‘Halo’ Disappoints Fans Despite High Expectations

by Justin Lakso ’25

With its riveting multiplayer, captivating campaign story, and iconic protagonist, Master Chief, it’s no wonder the Halo series has sold more than 81 million copies worldwide. Taking inspiration from The Last of Us, Xbox Game Studios decided to create a TV series based on its ever popular space arcade shooter. With production by Kyle Killen and award-winning director Steven Spielberg, fans were ecstatic about the show due to the names involved. The series, however, took missteps in three key locations that left fans confused and dissatisfied.

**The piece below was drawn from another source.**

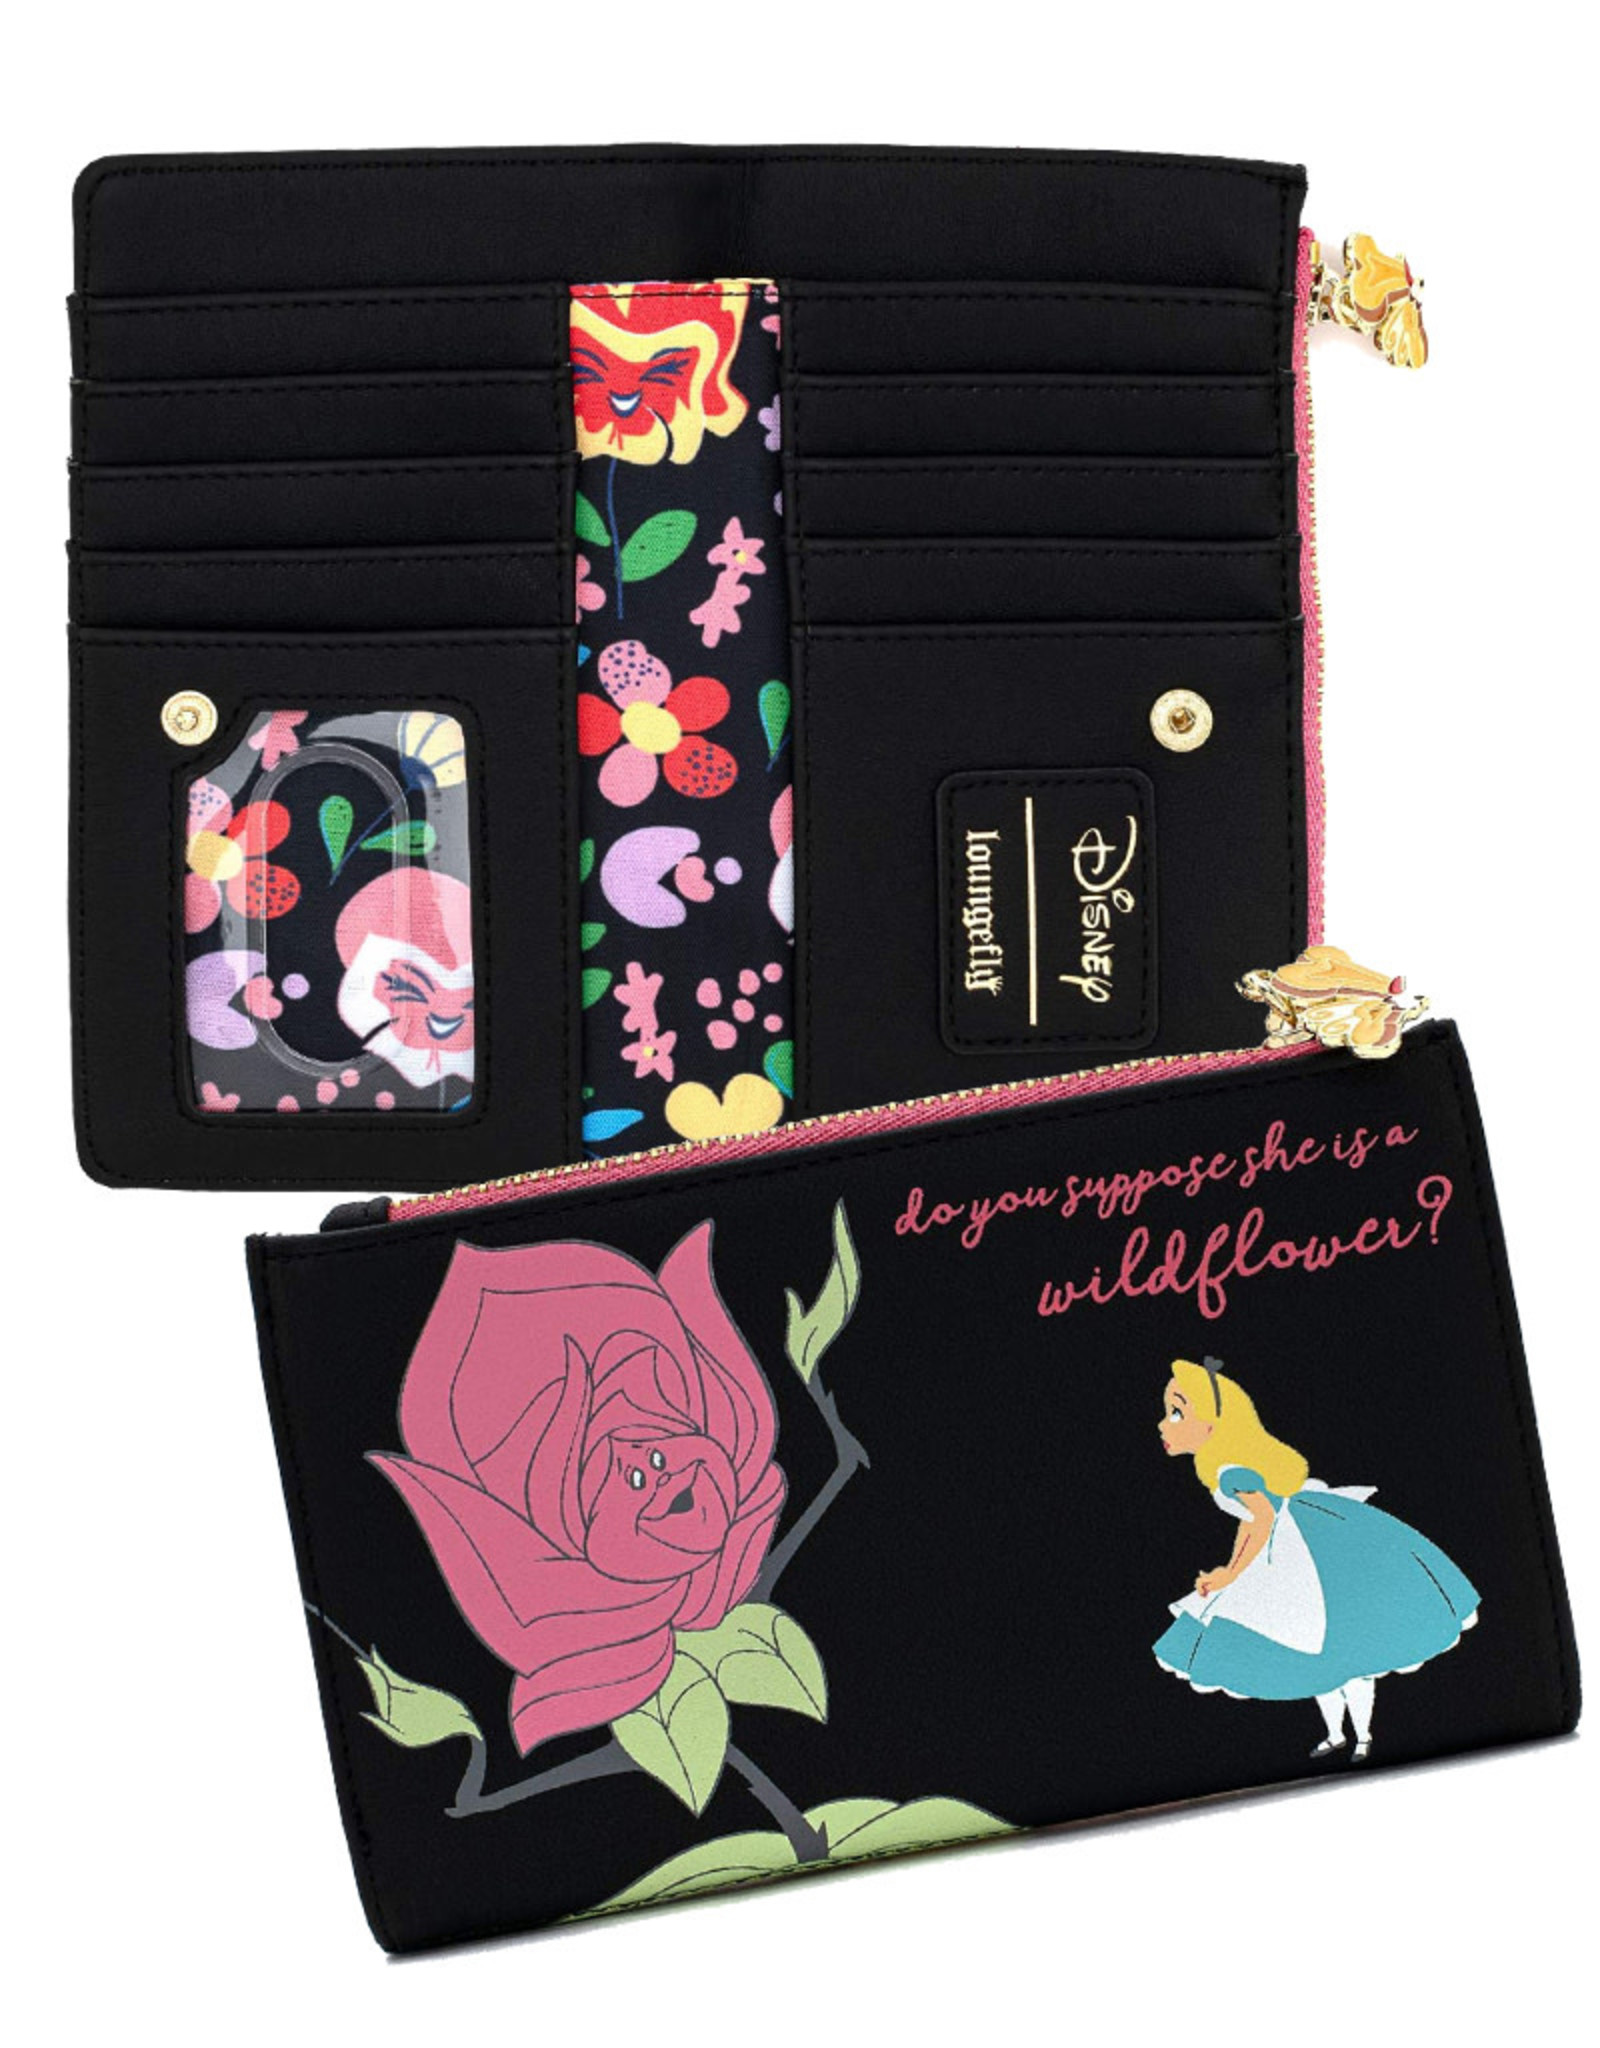 Disney Disney ( Loungefly Wallet  ) Alice

Master Chief is most notable for his faceless character, a consistent aspect of all Halo games. Killen, however, had different plans for him. During the final minutes of the first episode, Chief (Pablo Schreiber) reveals his face to Kwan (Yerin Ha) to show he is human. This reveal already split opinions on the series, but it got even worse when the helmet was tossed aside for a majority of the show. Schreiber is handsome and all, but Killen rewriting Chief’s canon appearance seems insensitive to the series.

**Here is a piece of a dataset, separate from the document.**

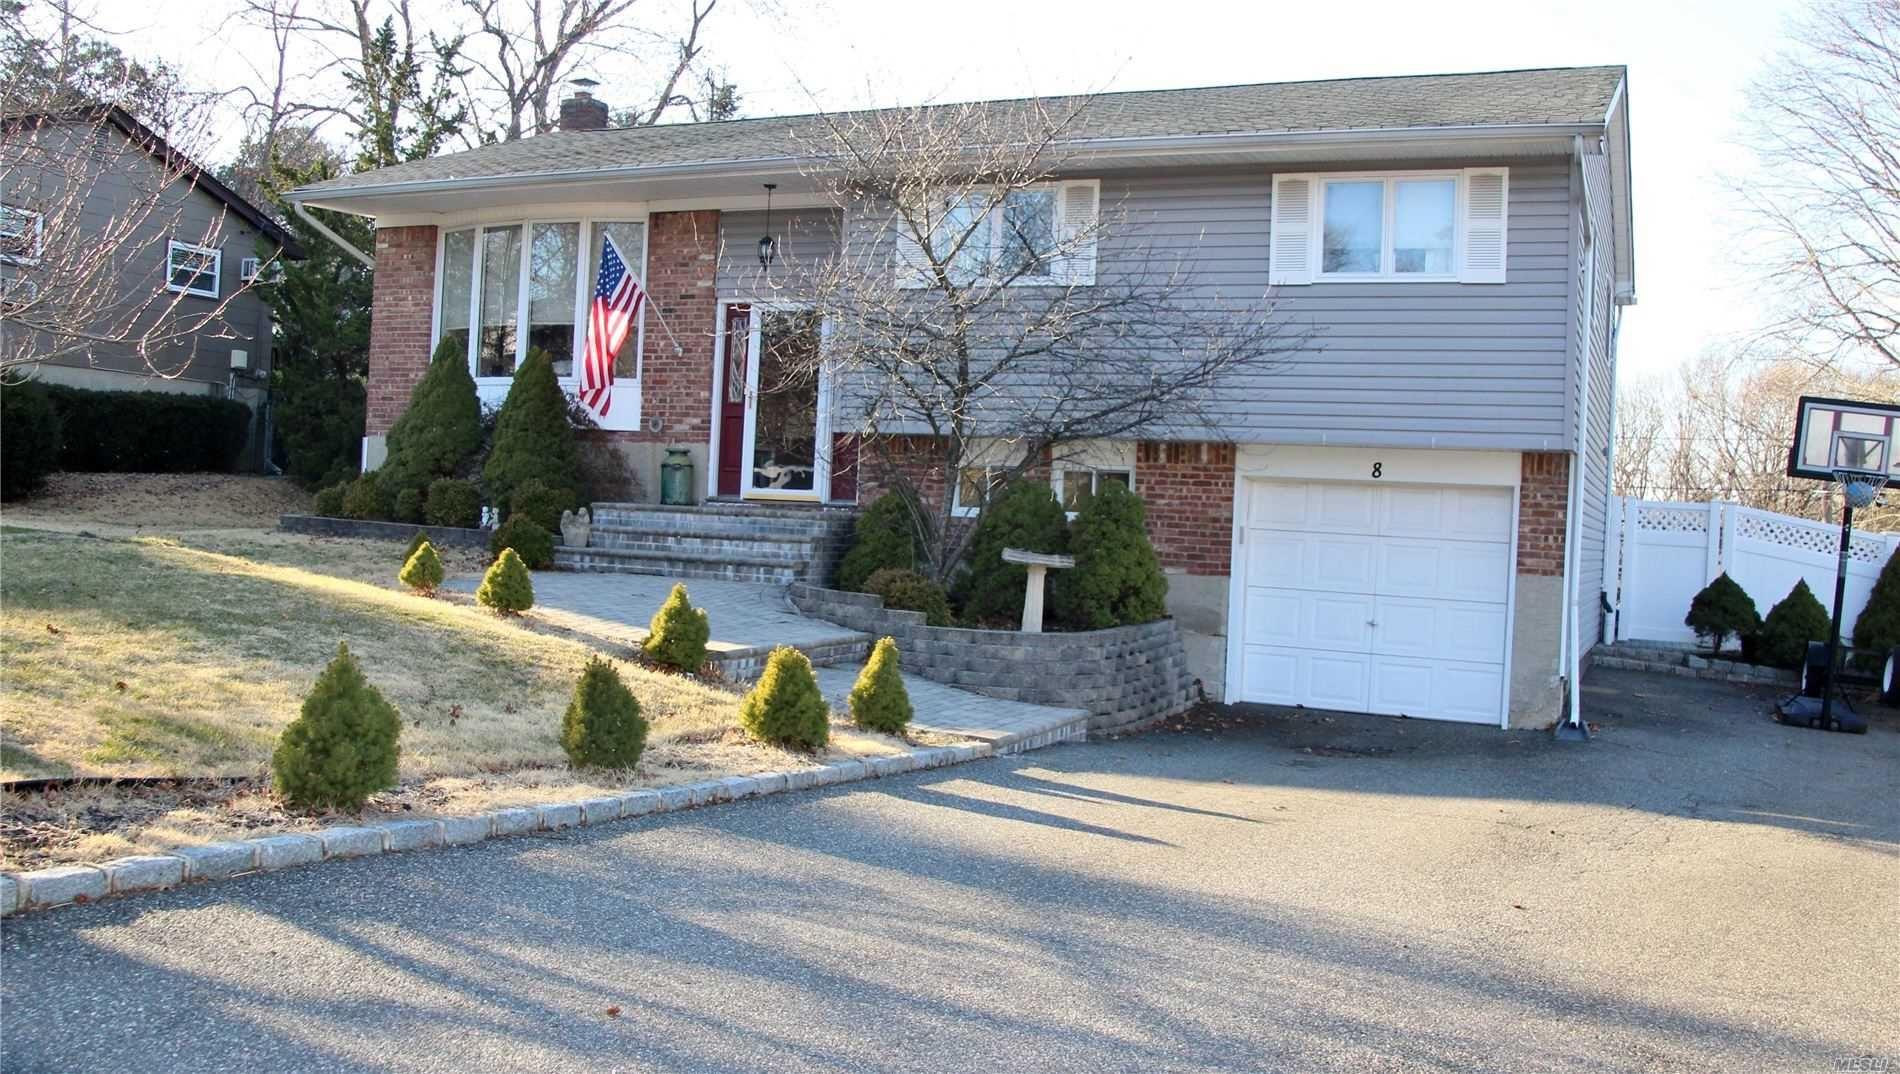 8 Rogers Ln, Smithtown, NY 11787 - MLS#: 3211373

Spielberg does a great job maintaining the game’s slogan, “Combat: Evolved,” with the initial fight scene putting Chief and Silver Team against an army of the Covenant. After this fight, however, the tone shifts from a high-octane war story to a Sherlock Holmes style mystery with a powerful artifact as the focus. This plot point is intriguing for the first episode or so, but drags on for four long episodes without another shootout until episode five. The series starts to blend together as the story focuses on Master Chief’s internal struggle rather than the war between humans and Covenant.

There is also a deviation from the continuous timeline about the struggle to keep humanity alive against an extraterrestrial threat that the games have maintained since the start. In an interview with Deadline Breaking News, producer Kiki Wolfkill revealed that Paramount’s version of Halo would have a separate canon from the video games. Video games and movies are different forms of media, but taking an existing universe and changing large points of the core story seems unfaithful to the source material. Among these changes are a human leading the Covenant, Chief having a love life, and the Flood antagonist being completely cut. Many fans are critical of these changes, making the point that the show would be better if the story wasn’t attached to the Halo brand.

It’s not all bad, though. The CGI is phenomenal, the fight scenes are thrilling, and characters are played very well by their actors. However, it’s not enough to excuse the faults in storyboarding and retconning of the established Halo story.